FIFA and Qatar Face Backlash for 2022 World Cup


The 2018 FIFA World Cup Final, France vs. Croatia. (Photo by MX, CC BY-SA 4.0, via Wikimedia Commons)

By Abbey Thomas, Assistant Sports Editor


In November, the FIFA 2022 World Cup kicked off in Qatar, reigniting the passion shared by soccer fans all over the world for one of the biggest sporting spectacles in history. The tournament, which was viewed by nearly half of the world’s population the last time it was held in 2018, according to FIFA, sees fans engage from every corner of the earth, donning their team’s colors and cheering on their favorite players. University of Utah students gathered in the A. Ray Olpin Student Union to watch alongside the rest of the world. But this time around, the world realized this year’s showcase came with very different connotations — ones that cannot be ignored, even in the spotlight of a global event.

When Qatar was awarded the rights to host the highly sought-after soccer tournament in 2010, the news was met with instant criticism. Not only was it expected that the United States would be favored for the decision, but Qatar was not suited to host such an extravagant ordeal due to a number of factors. 

First, Qatar’s desert climate is far too hot, reaching well above 100 degrees Fahrenheit in the summer, when the World Cup is typically due to kick off. Such an environment is dangerous for players to be active in for extended periods of time, and could easily lead to health problems such as heat stroke and dehydration. This reason alone was enough for FIFA officials to alter the timeline of the Cup, postponing it to November of the same year in hopes of cooler and safer temperatures.

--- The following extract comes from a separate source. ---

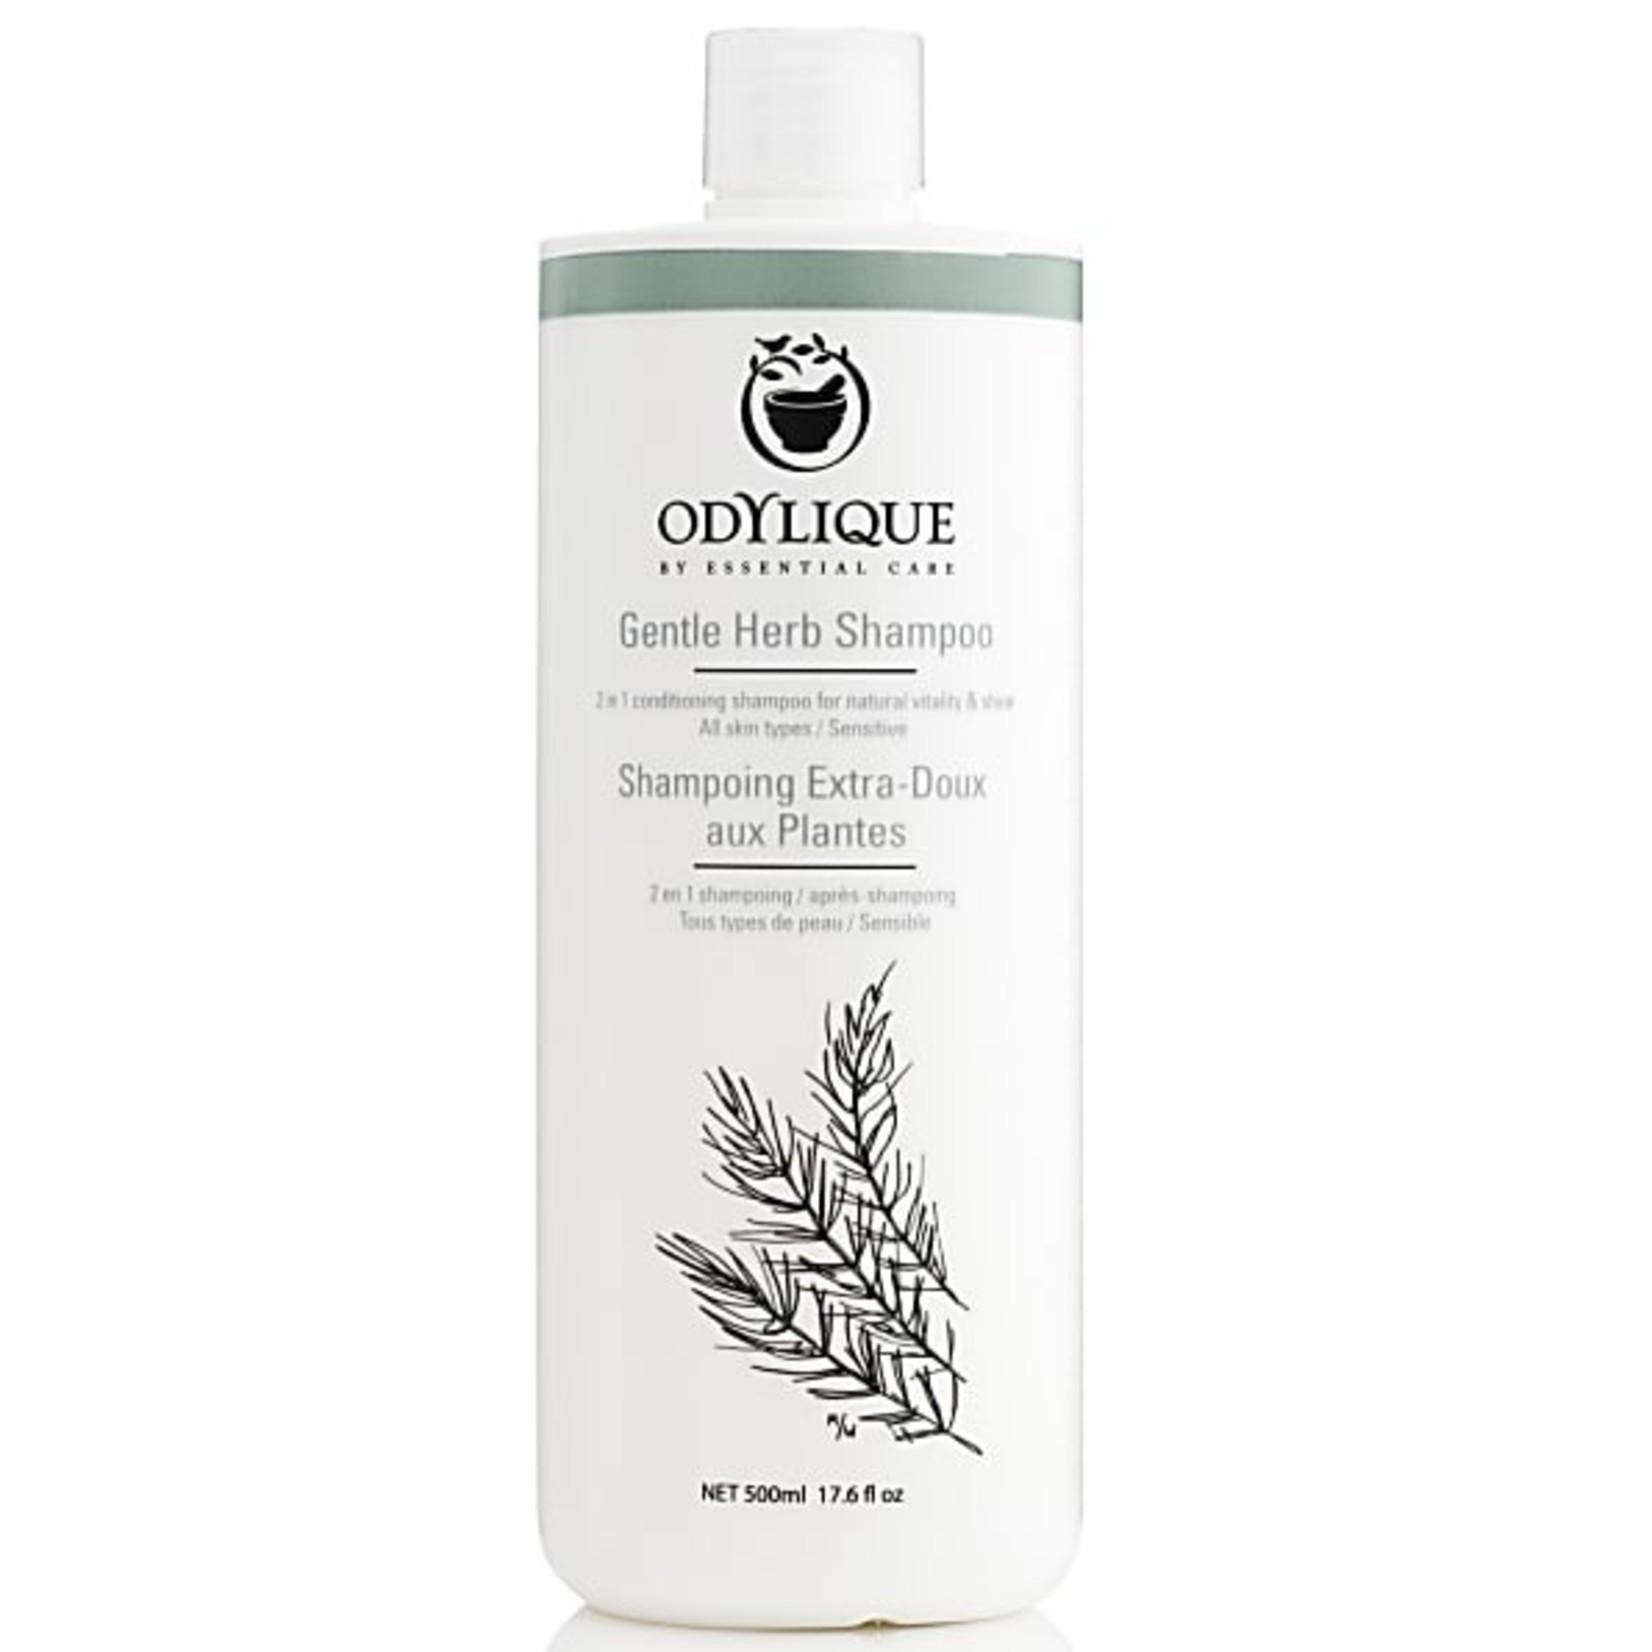 Odylique Familieformaat tea tree & herbal shampoo Odylique - tegen roos 50ml

In addition, Qatar did not have the infrastructure needed to handle an event at the scale of a World Cup. With a total land size smaller than the state of Connecticut, Qatar was required to build several stadiums — that could hold tens of thousands of cheering fans — on top of any additional hotels or roads that were deemed necessary to fit the millions of supporters that would be visiting for the games. And in a country of less than three million residents, such an effort was not an easy feat to accomplish in the decade allotted to them.

Twelve years may seem like plenty of time for a host country to prepare its grounds and construct the necessary buildings to accommodate such a spectacle — really, that’s why FIFA announces the winning bids so far in advance — but Qatar was set at a slight disadvantage. Many recent host countries were already prominent in the sport, and had stadiums and other resources of the like ready to go. Qatar was essentially starting from scratch, and already had a strict deadline to plan, budget and execute their game plan. In the end, the country was successful, but not before certain claims came to light as to how they made it happen.

At the start of construction in Doha for the first of the renovations, the country saw a large influx of migrant workers coming from various regions in Asia and parts of Africa. Thirty thousand workers were contracted for crafting the stadiums alone, according to the government of Qatar. Many of these workers came because they were promised a salary that was higher than what could be obtained in their respective home countries. However, their new employment in Qatar seemingly did not live up to expectations — workers reported poor living conditions, and claimed that little water was provided while on the job in the excruciating heat, according to a report by PBS. These circumstances allowed health issues to run rampant.

Anish Adhikari, a migrant worker from Nepal, told PBS that often they were given rotten food, “the fish would smell disgusting. It used to give us diarrhea.”

Following these claims, Qatar reported that between 2014-20, there were 37 non-work related migrant worker deaths and three work-related deaths. Higher numbers were later reported, but rescinded.

However, an analysis by the Guardian supported by the Human Rights Watch showed that the embassies of South Asian countries that sent laborers reported just shy of 7,000 deaths. While these deaths were not categorized by occupation, many migrant workers in Qatar came to the country because of the World Cup. These numbers do not include data from countries such as the Philippines and Kenya, which also sent migrant workers for World Cup construction.

According to the Guardian, “The Qatar government says that the number of deaths – which it does not dispute – is proportionate to the size of the migrant workforce and that the figures include white-collar workers who have died naturally after living in Qatar for many years.” 

The Human Rights Watch said with deaths remaining uninvestigated many families are left without answers or compensation. 

FIFA President Gianni Infantino spoke about the deaths in a press conference during the World Cup.

“I think that every person dying is one person too many. It’s a tragedy. It’s a tragedy for the family, it’s a tragedy for everyone involved,”  Infantino said.

During the World Cup, Qatar’s stance on LGBTQ+ rights also was called into question. Inside the country, homosexuality is illegal. Seven European countries were set to protest the anti-LGBTQ+ laws with the ‘One Love’ armband, but were threatened by FIFA that doing so would result in a yellow card.

Additionally, fans report they were kept out of matches for wearing rainbow paraphernalia to games, according to VOX. 

With the crowning of Argentina as the new world champion team, FIFA looks to transition to the 2026 World Cup, set to be here in North America.